- **Exercise requirements**:
Line by line, restate the material word for word, omitting any image.

- **Provided data**:
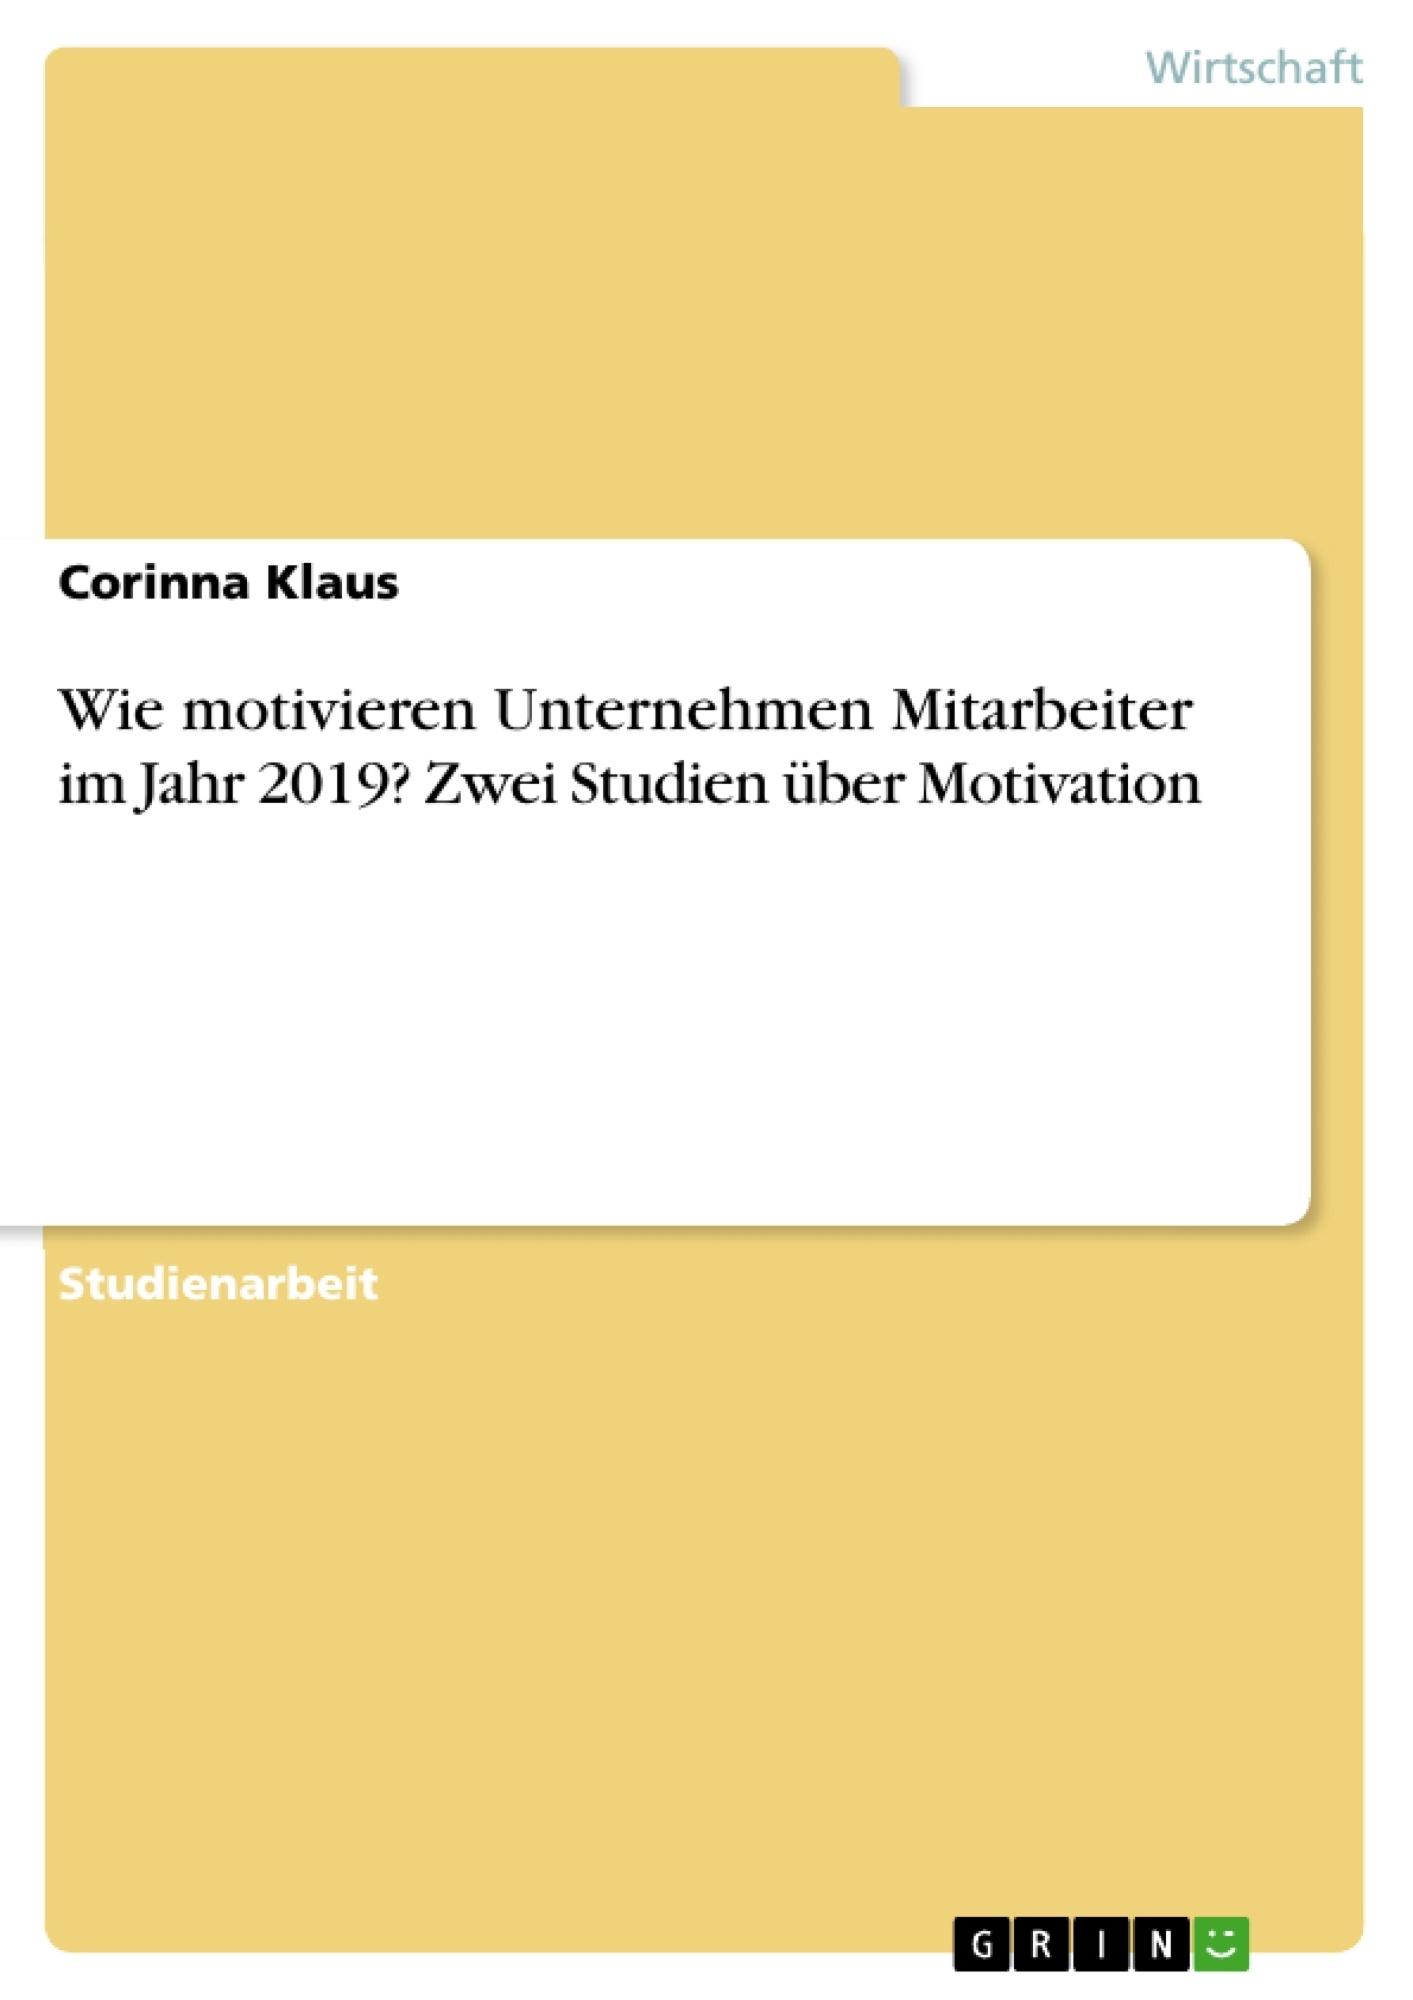 Titel: Wie motivieren Unternehmen Mitarbeiter im Jahr 2019? Zwei Studien über Motivation
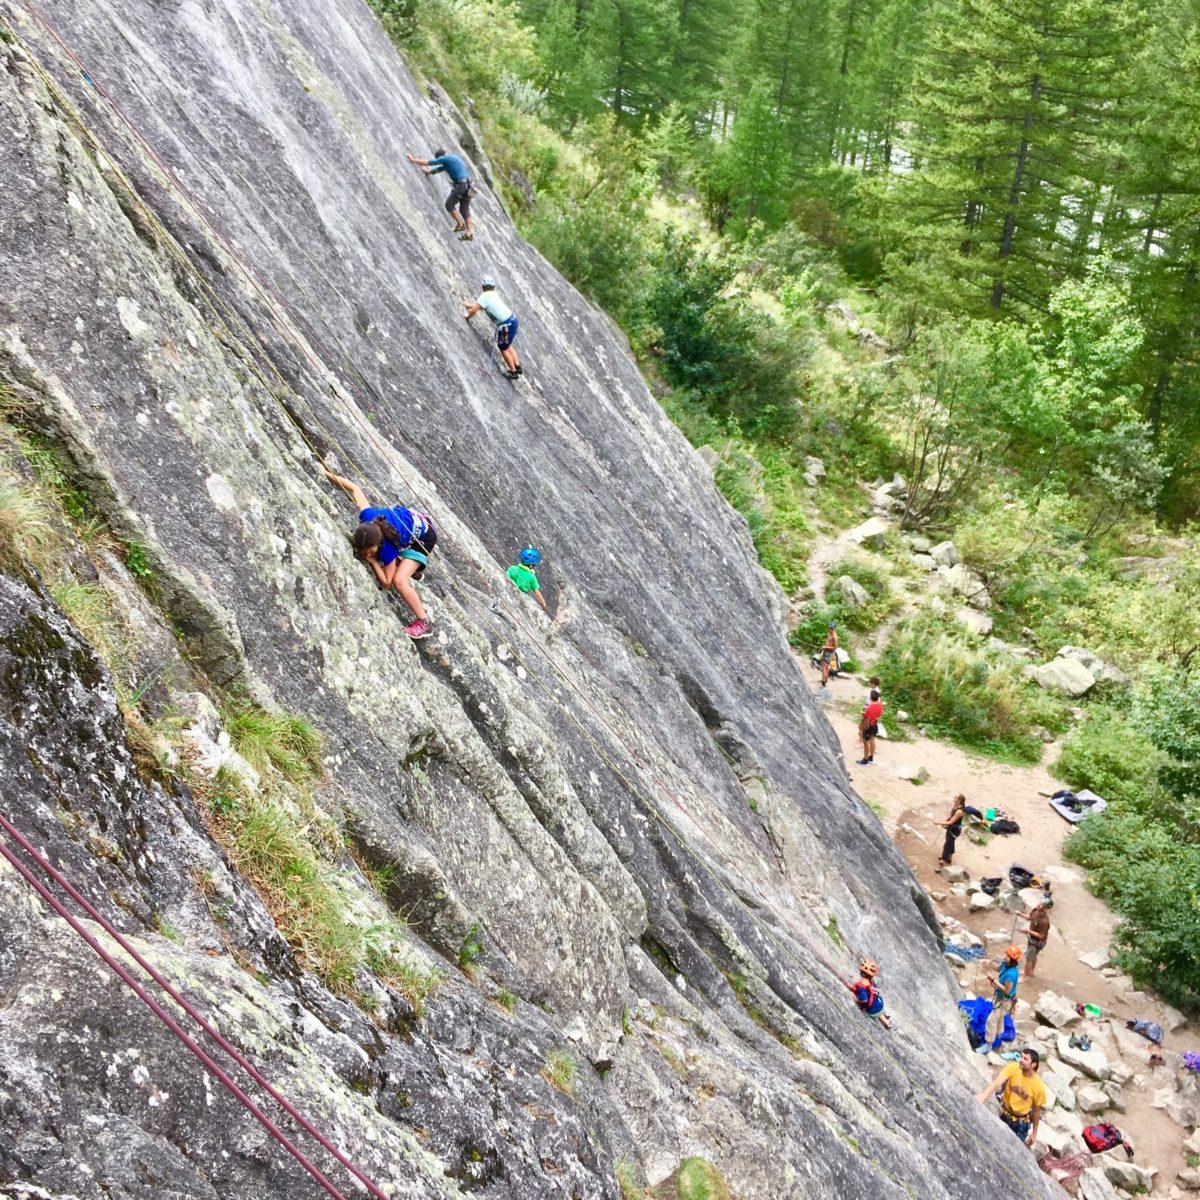 Familienfreundliche Kletterwand direkt neben dem Campingplatz
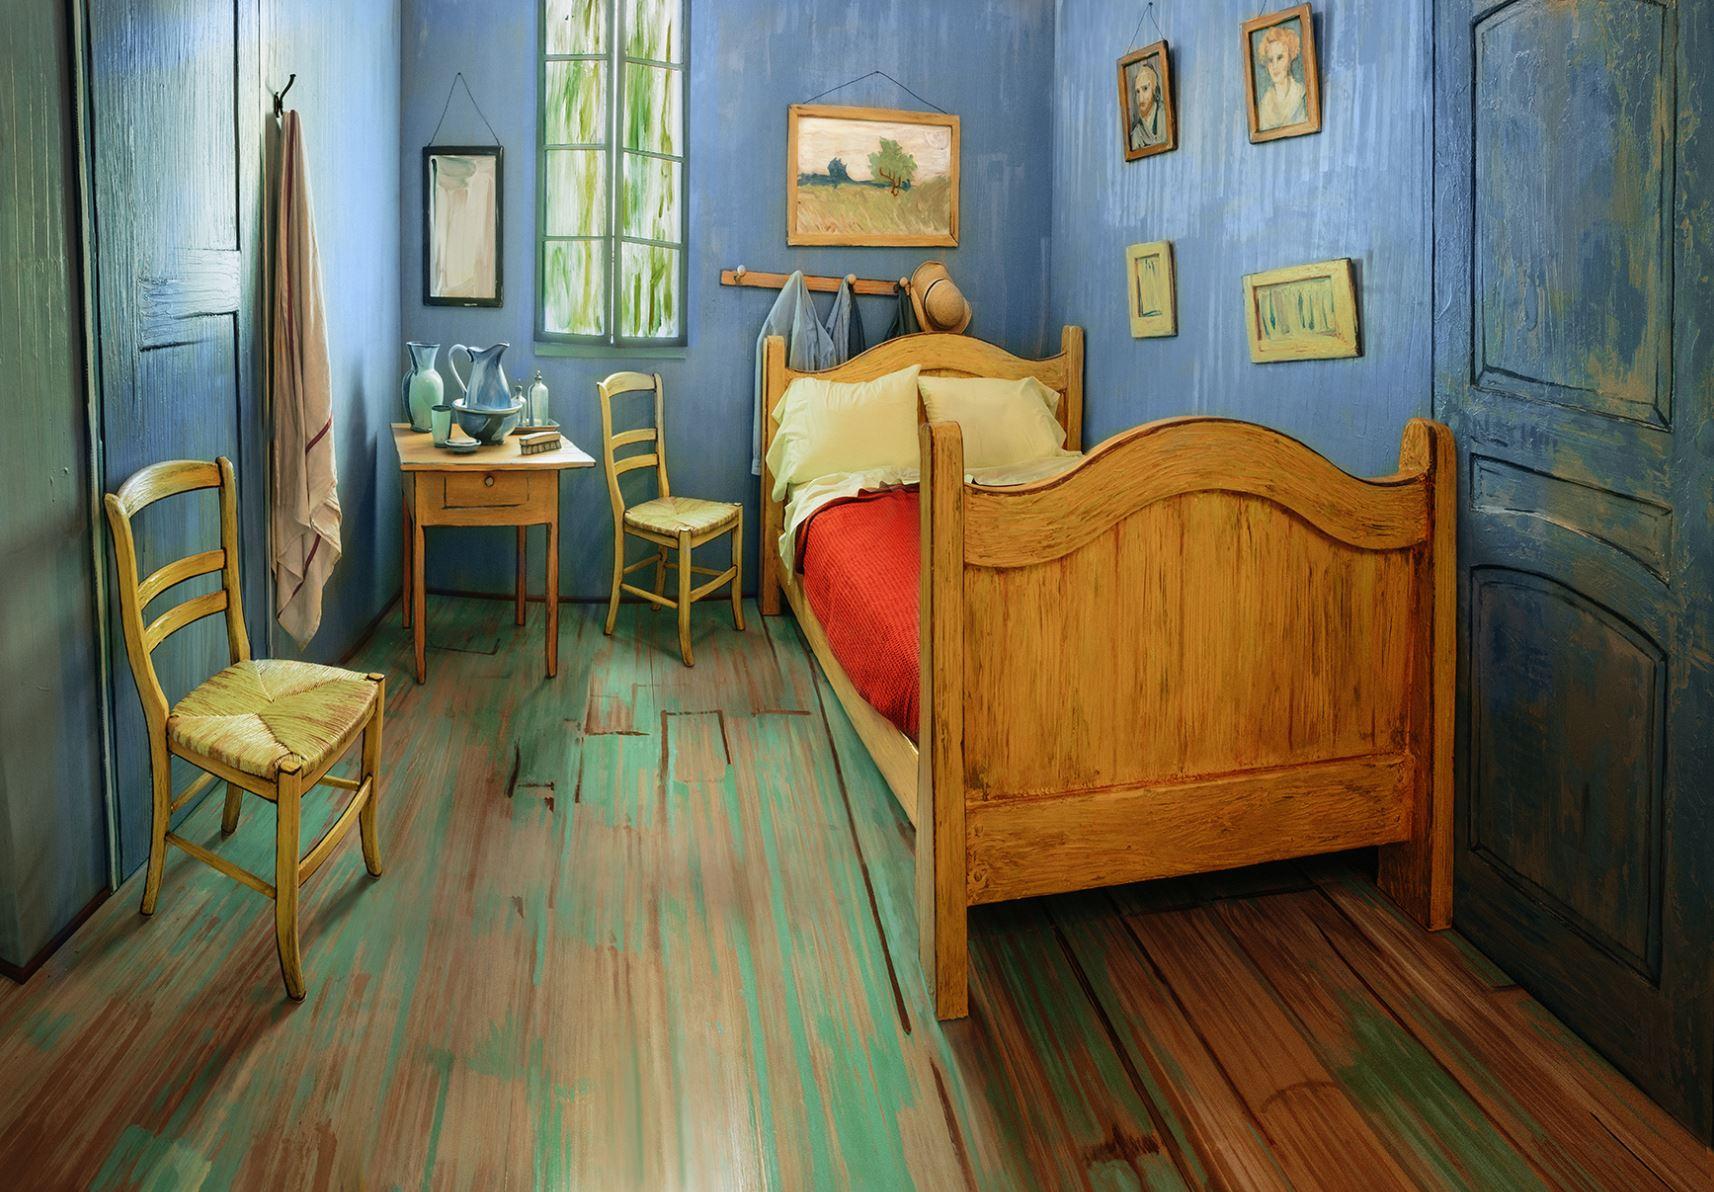 民泊Airbnb、米シカゴで「ゴッホの寝室」を再現した部屋を1泊10ドルで提供

- **Your response**:
 Titel: Wie motivieren Unternehmen Mitarbeiter im Jahr 2019? Zwei Studien über Motivation
 Familienfreundliche Kletterwand direkt neben dem Campingplatz
 民泊Airbnb、米シカゴで「ゴッホの寝室」を再現した部屋を1泊10ドルで提供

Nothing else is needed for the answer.